A sun bathed continent all along the twelve months of a year, with a strong and dense hydrographic rhythm: two of the three large rivers classified as such for their flow and length are Africans (the Nile and the Congo). The Congo River by itself is able to generate the power required in the whole continent; a clean and renewable energy able of confronting any competition and of guaranteeing a sustainable development. The recent energy crisis in Senegal, which continues in the front cover of the main news publications, makes me doubt about the awareness in our leaders. The ups and downs of the Brent, moving around US$ 70 dollars should make us come out of that dream.
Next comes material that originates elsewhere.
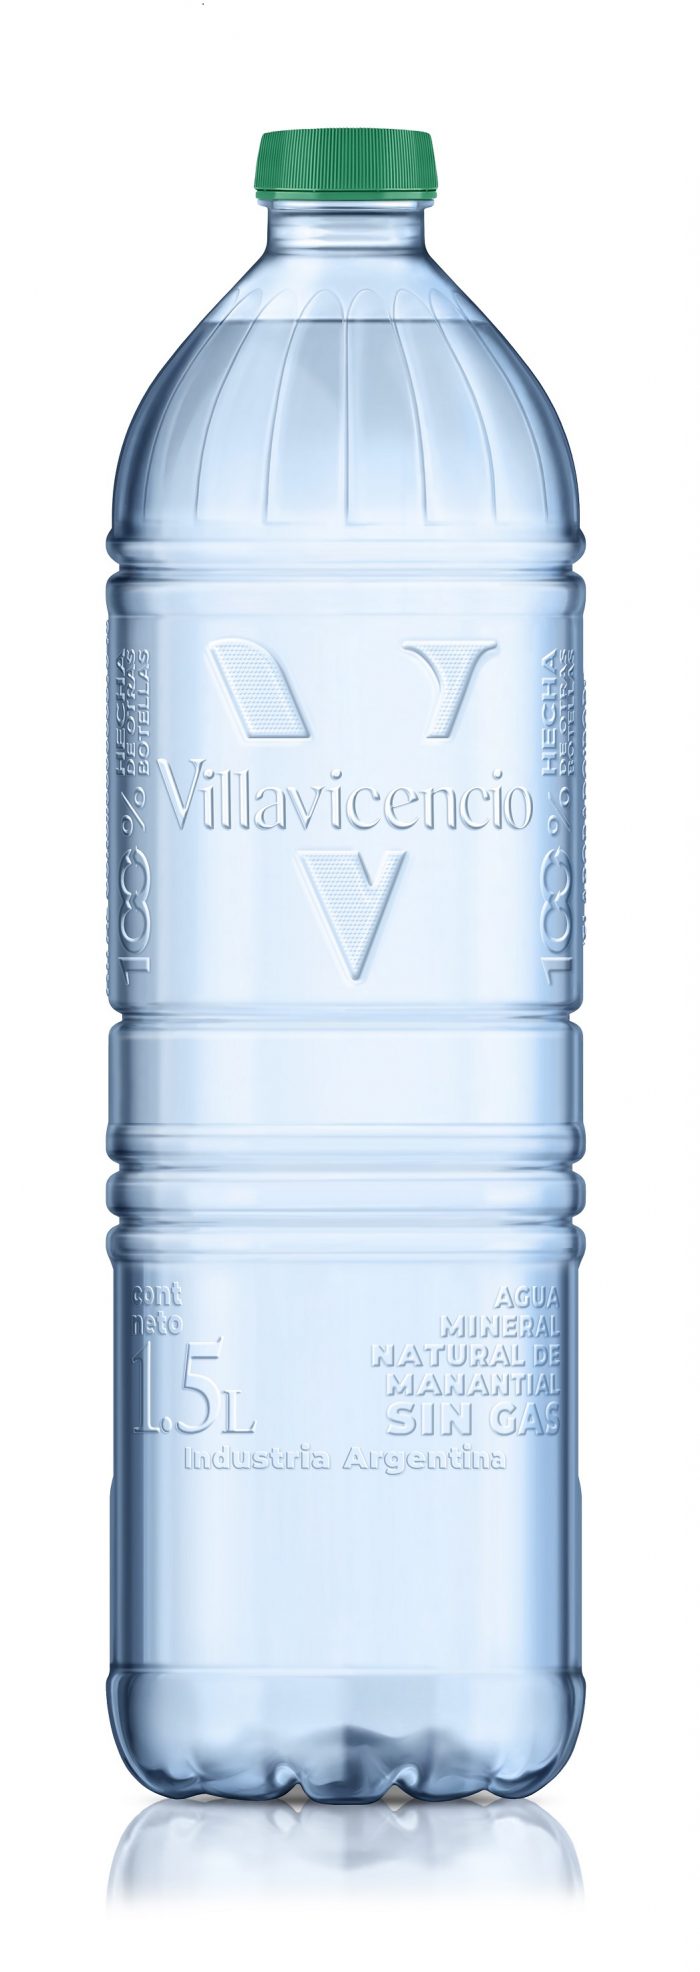 Villavicencio image

Africa, producing 10% of the world oil should be more ambitious, since all new deposits recently discovered are in Africa.

Thus, the economic backwardness of the Continent is aggravated by an insufficient energy production. Oil, the source of over 70% of the world energy, is non renewable; this is the reason for all crises: Iraq, Heights of Karabak (Azerbaijan), Bakassi (Nigeria/Cameroon) and at present Darfur (Sudan). The Middle East, the main exporter of the black gold is on a permanent turmoil and deposits are beginning to become exhausted. Confronted to the situation that it will not be able to have oil for power producing, industry is moving to nuclear power. Almost all the West has decided in favor of nuclear power. Nevertheless, the car sector is still using a large share of oil power, thus the preponderant role of oil which will still be in existence for quite some time yet. Iran, the third oil world exporter goes for nuclear power. The Iranian stubbornness should be seen on the basis of two premises:

- To preserve its oil resources, to be autonomous on energy issues and this is impossible with oil since it is a non renewable source.

- The energy is a must for the development in the globalization era. Although its manipulation is a synonym of development, its military use is a sample of security. The adage says “anyone wanting peace gets ready for war”, in this third millennium. If war should be waged at a nuclear scale this will be an Apocalypses. North Korea is aware of this fact.